A batting boom like never before
The 2025 edition produced batting numbers at a scale never seen before in the women's game.
There were 11 275-plus totals, one better than the previous edition. The tournament also saw 15 individual hundreds, surpassing the 14 in 2017. As many as 21 batters crossed 200 runs this tournament, with 20 of them striking at above 75, a big leap in scoring tempo.
The previous edition had 15 of the 19 batters with 200-plus runs going at a 75-plus strike rate. Before 2025, just 46 of 131 batters with 200-plus runs in women's ODI World Cups had done so at that tempo.
Run rates vs economy rates = knockout teams
The teams with the best difference in batting scoring rates and bowling economy rates were the ones that made the semi-finals. Australia stood out with the best differential of +1.10, followed by South Africa (0.63), India (0.52) and England (0.06). These were also the four sides with positive differentials.
Boundary blitz and six-hitting surge
If the last two World Cups hinted at a bit of a revolution in power hitting in women's cricket, 2025 confirmed it. The tournament witnessed a record 133 sixes, 22 more than the 111 in 2017. This edition also had the balls-per-boundary ratio (9.8) go below ten.

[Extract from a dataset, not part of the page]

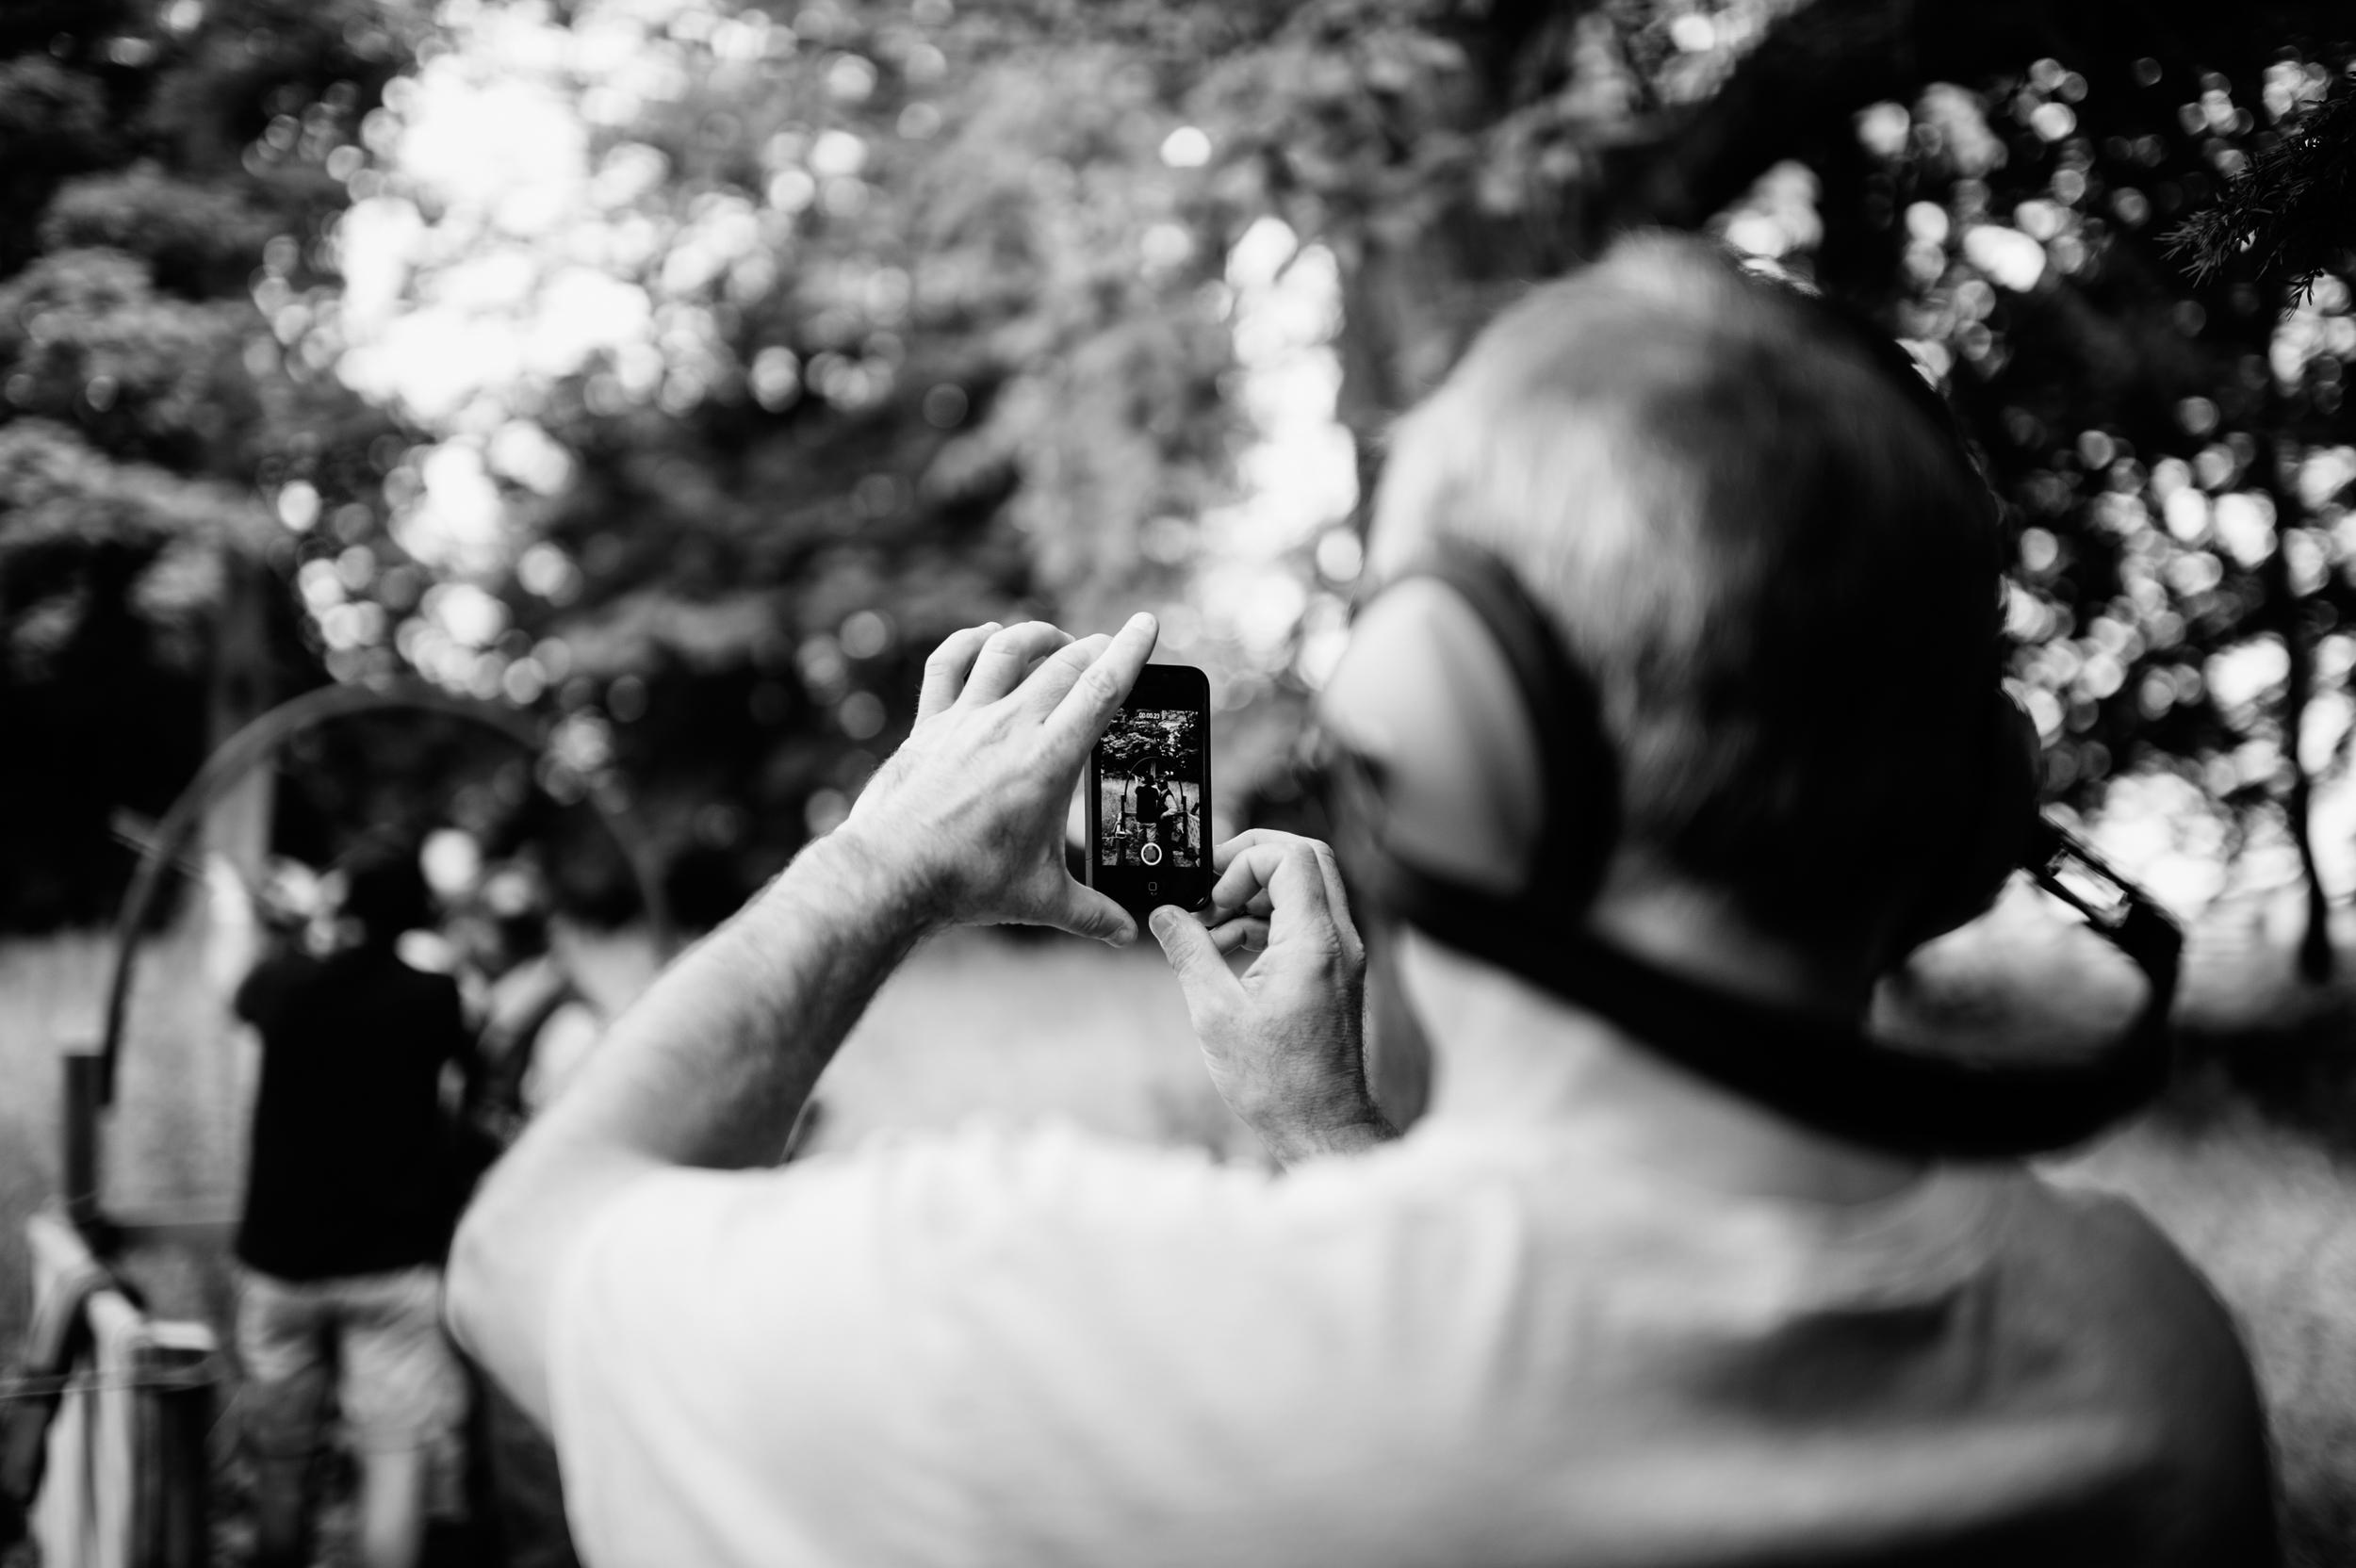 0005-lisa-devine-alternative-creative-wedding-photography-glasgow-edinburgh.JPG

For the first time, the overall run rate in an edition breached the five-run mark, finishing at 5.14, a sharp rise from 4.69 (2017) and 4.68 (2022).
Left-arm is right
No bowling type exerted more influence at this World Cup than left-arm spin. It delivered the lowest balls-per-wicket ratio of all bowling types - 29.99, around four balls fewer than the next best, which was right-arm legspin. There was also the most wickets by left-arm spin in an edition, 110, which was 33 more than the record in 1982.
Lower-order comebacks
If top-order dominance was a headline, the resilience of the lower order was the other. The last five wickets averaged 20.1 runs in 2025, the best in a women's ODI World Cup, and scored at 5.3 runs per over. Those translated to nearly 100 runs in 19 overs.
The star performers: Wolvaardt and Deepti
Laura Wolvaardt scored 571 runs, the most by any batter in a women's ODI World Cup edition, and a record 336 runs now in the World Cup knockouts. Her overall tally of 1328 runs is now the second-highest in the history of the tournament after Debbie Hockley's 1501.

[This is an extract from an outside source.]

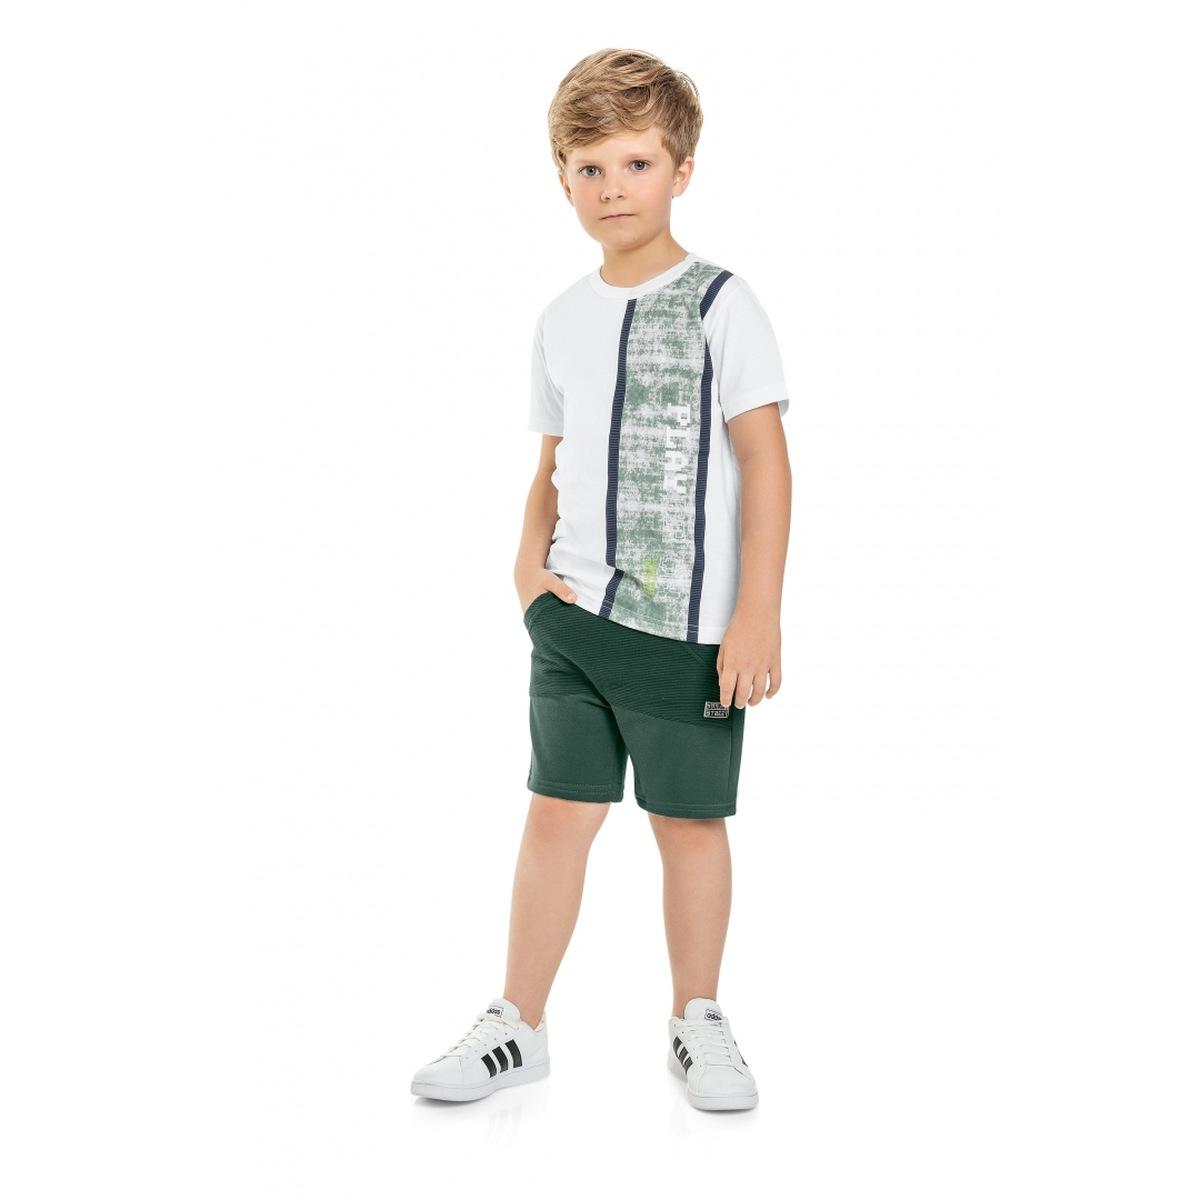 Conjunto Menino Quimby Camiseta e Bermuda - Branco

Deepti Sharma, meanwhile, became the first woman to score 200-plus runs and take 20-plus wickets in an ODI tournament. She joined Greg Chappell (1981-82) and Kapil Dev (1985-86), both at the Benson & Hedges tournaments in Australia, as the only players to achieve that double.
Catches continue to go down
Dropped catches continued to plague teams throughout the competition. Nearly one in every three chances went down, with a catch efficiency of 67.3%, a dip from the 72.9% in 2022. England (76.9%) and New Zealand (75%) were the sharpest, while Bangladesh (44.4%), India (63.3%), South Africa and Australia (both 66.7%) found themselves at the other end. In a tournament where batting flourished, fielding often failed to keep up with expectations.
The Desperate Review System
If the DRS was meant to bring clarity, it revealed desperation on the part of the teams instead.
On average, teams managed one successful review every three attempts. India led the way for the wrong reasons, with 11 unsuccessful calls out of 15, followed by Australia (6/10). Only Bangladesh stood out with an 80% success rate in five reviews, no other team crossed 45%.